Go Dawgs making avatar bets on Bama....only way they can get anybody to wear a Dog avy


----------



## mguthrie (Nov 1, 2018)

SpotandStalk said:


> Go Dawgs making avatar bets on Bama....only way they can get anybody to wear a Dog avy


I won't be wearing a dog avy. Not that I would mind it much. Slayer will be wearing a bucks avy for a solid month


----------



## Cmp1 (Nov 1, 2018)

mguthrie said:


> I won't be wearing a dog avy. Not that I would mind it much. Slayer will be wearing a bucks avy for a solid month


Or LSU or M Go Blue,,,,


----------



## mguthrie (Nov 1, 2018)

Cmp1 said:


> Or LSU or M Go Blue,,,,


The bet is between me and slayer. It's a dogs avy or a bucks avy. Nothing more


----------



## Cmp1 (Nov 1, 2018)

mguthrie said:


> The bet is between me and slayer. It's a dogs avy or a bucks avy. Nothing more


There's a few of us in the bet,,,,


----------



## KyDawg (Nov 1, 2018)

Some peeps gonna be wearing an avy that has nothing to do with LSU next week.


----------



## Matthew6 (Nov 1, 2018)

go buckeyes not in the playoff


----------



## Matthew6 (Nov 1, 2018)

go noles saying it like it is


----------



## Matthew6 (Nov 1, 2018)

go dogs riding bama coattails again. this season


----------



## KyDawg (Nov 2, 2018)

Matthew6 said:


> go dogs riding bama coattails again. this season



You need to look back 6, only thing on Bama's coattail is history, and that is running out.


----------



## mguthrie (Nov 2, 2018)

KyDawg said:


> You need to look back 6, only thing on Bama's coattail is history, and that is running out.

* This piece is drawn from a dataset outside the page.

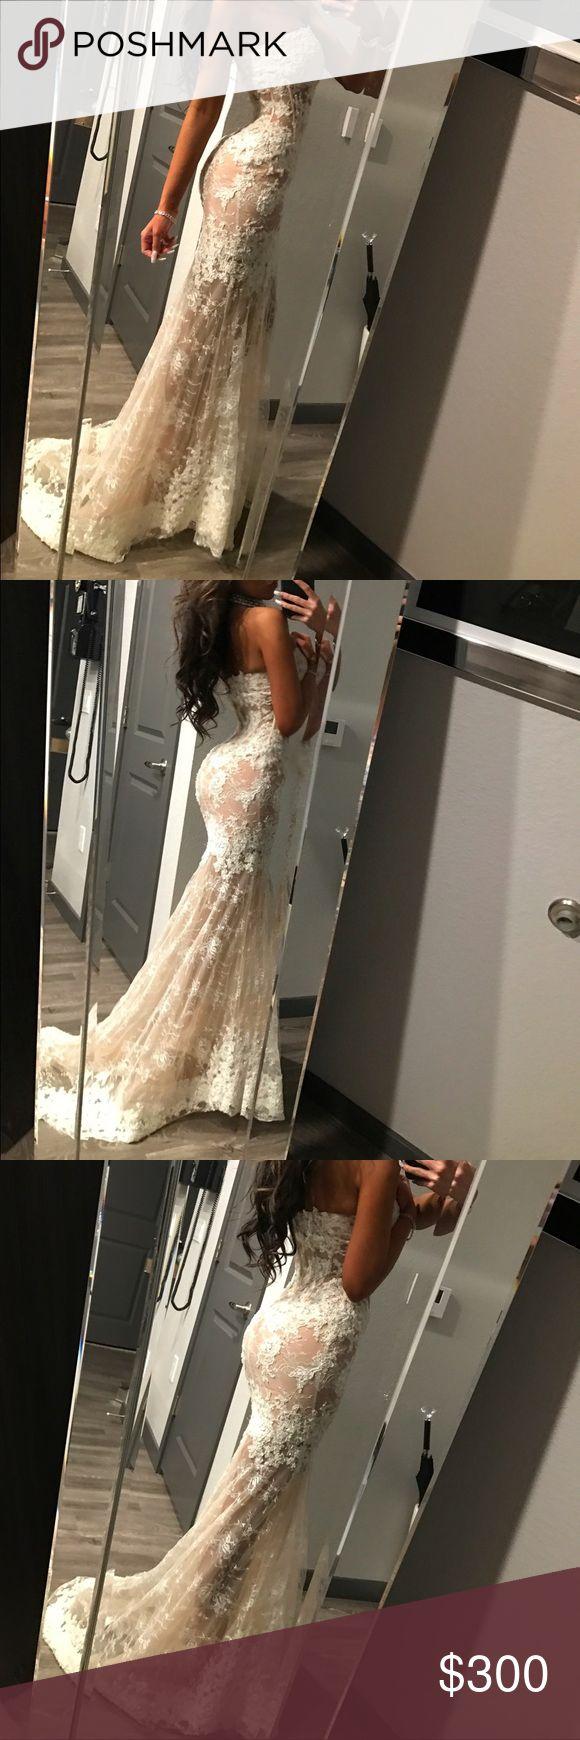 sherri hill white and nude lace sherri hill white lace and nude worn once could be worn as a wedding dress or a reception Sherri Hill Dresses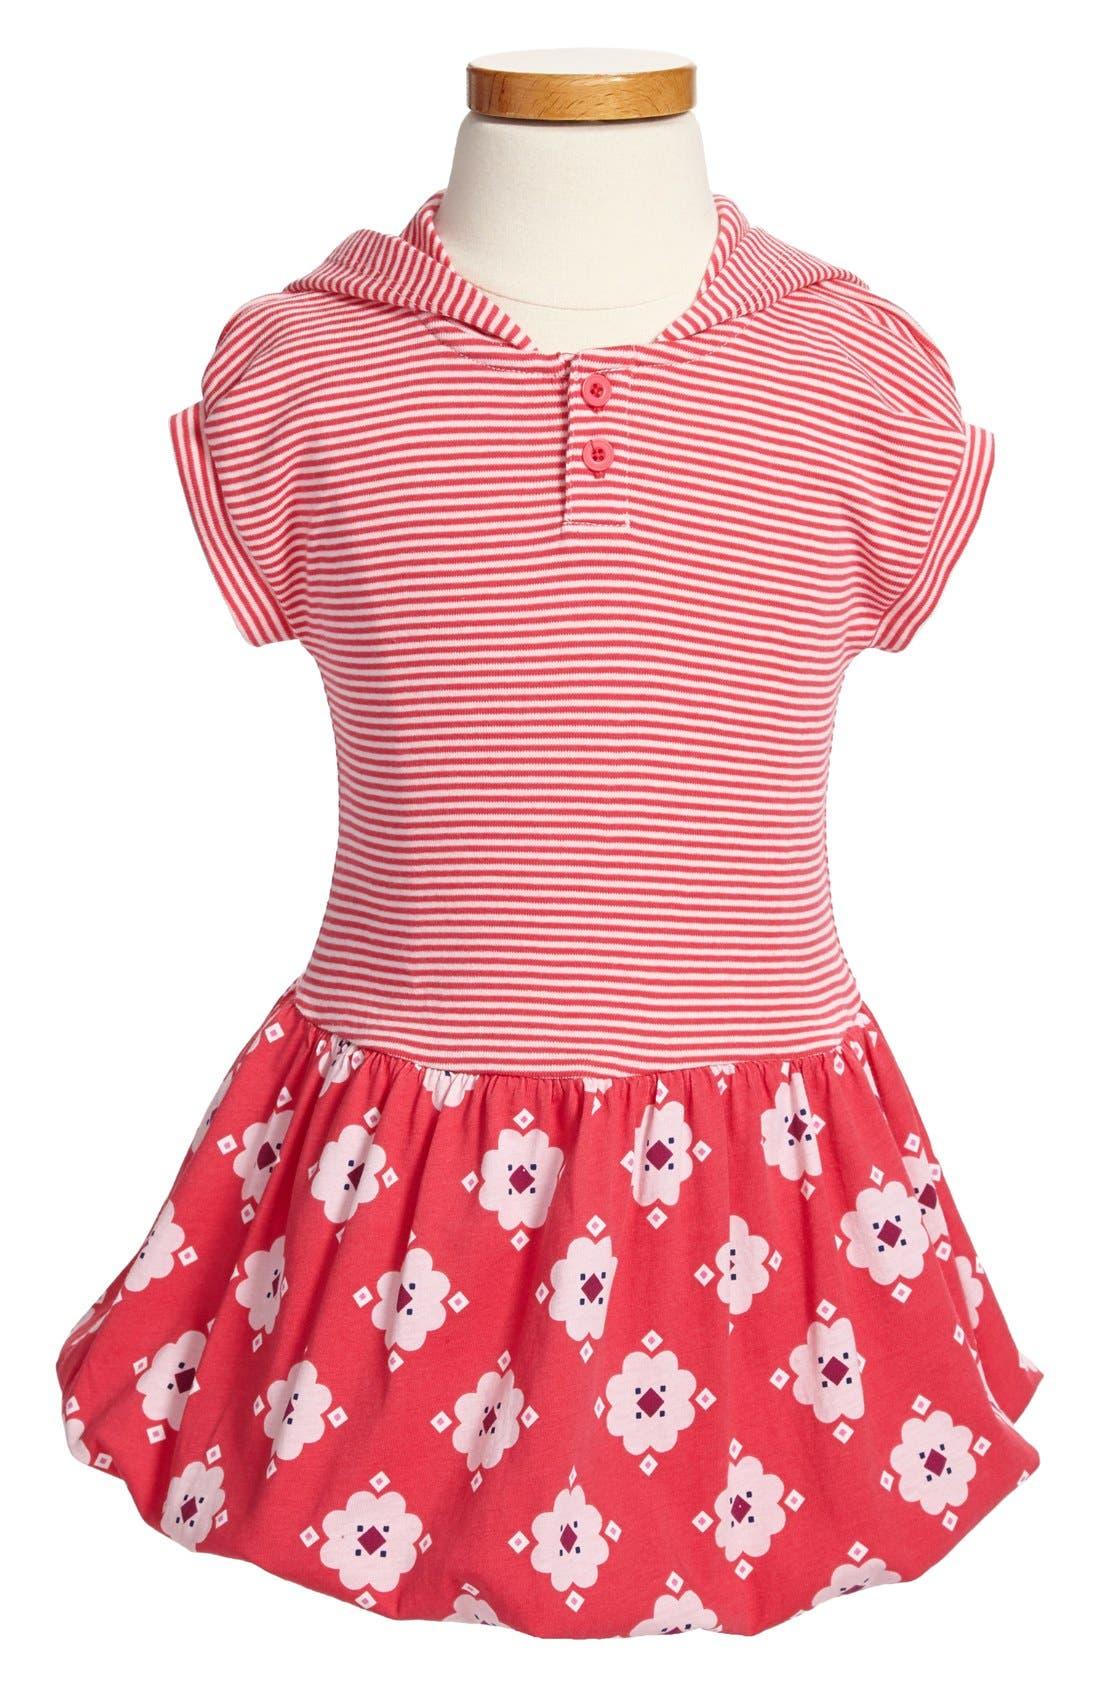 Main Image - Tea Collection 'Berber Floral' Bubble Dress (Little Girls & Big Girls)

Tomorrow is the day it runs out


----------



## bullgator (Nov 2, 2018)

I think they ranked LSU in the top 4 just for the optics of this game. 
LSU lost to Florida game before last and dropped out of the top 10. One win over UGA and now they’re 4th?


----------



## brownceluse (Nov 2, 2018)

bullgator said:


> I think they ranked LSU in the top 4 just for the optics of this game.
> LSU lost to Florida game before last and dropped out of the top 10. One win over UGA and now they’re 4th?


Agree!


----------



## Browning Slayer (Nov 2, 2018)

mguthrie said:


> I won't be wearing a dog avy. Not that I would mind it much. Slayer will be wearing a bucks avy for a solid month



We'll know Saturday! And I could care less about an OSU avy.. Either way, come Monday I'll either be a free man or bound to an avy of your choice for a month.


----------



## SpotandStalk (Nov 2, 2018)

bullgator said:


> I think they ranked LSU in the top 4 just for the optics of this game.
> LSU lost to Florida game before last and dropped out of the top 10. One win over UGA and now they’re 4th?




They're hoping in the event LSU does squeak by Bama, theyll still have an argument to put Bama in the playoff, without an appearance in the Seccg.


----------



## KyDawg (Nov 2, 2018)

SpotandStalk said:


> They're hoping in the event LSU does squeak by Bama, theyll still have an argument to put Bama in the playoff, without an appearance in the Seccg.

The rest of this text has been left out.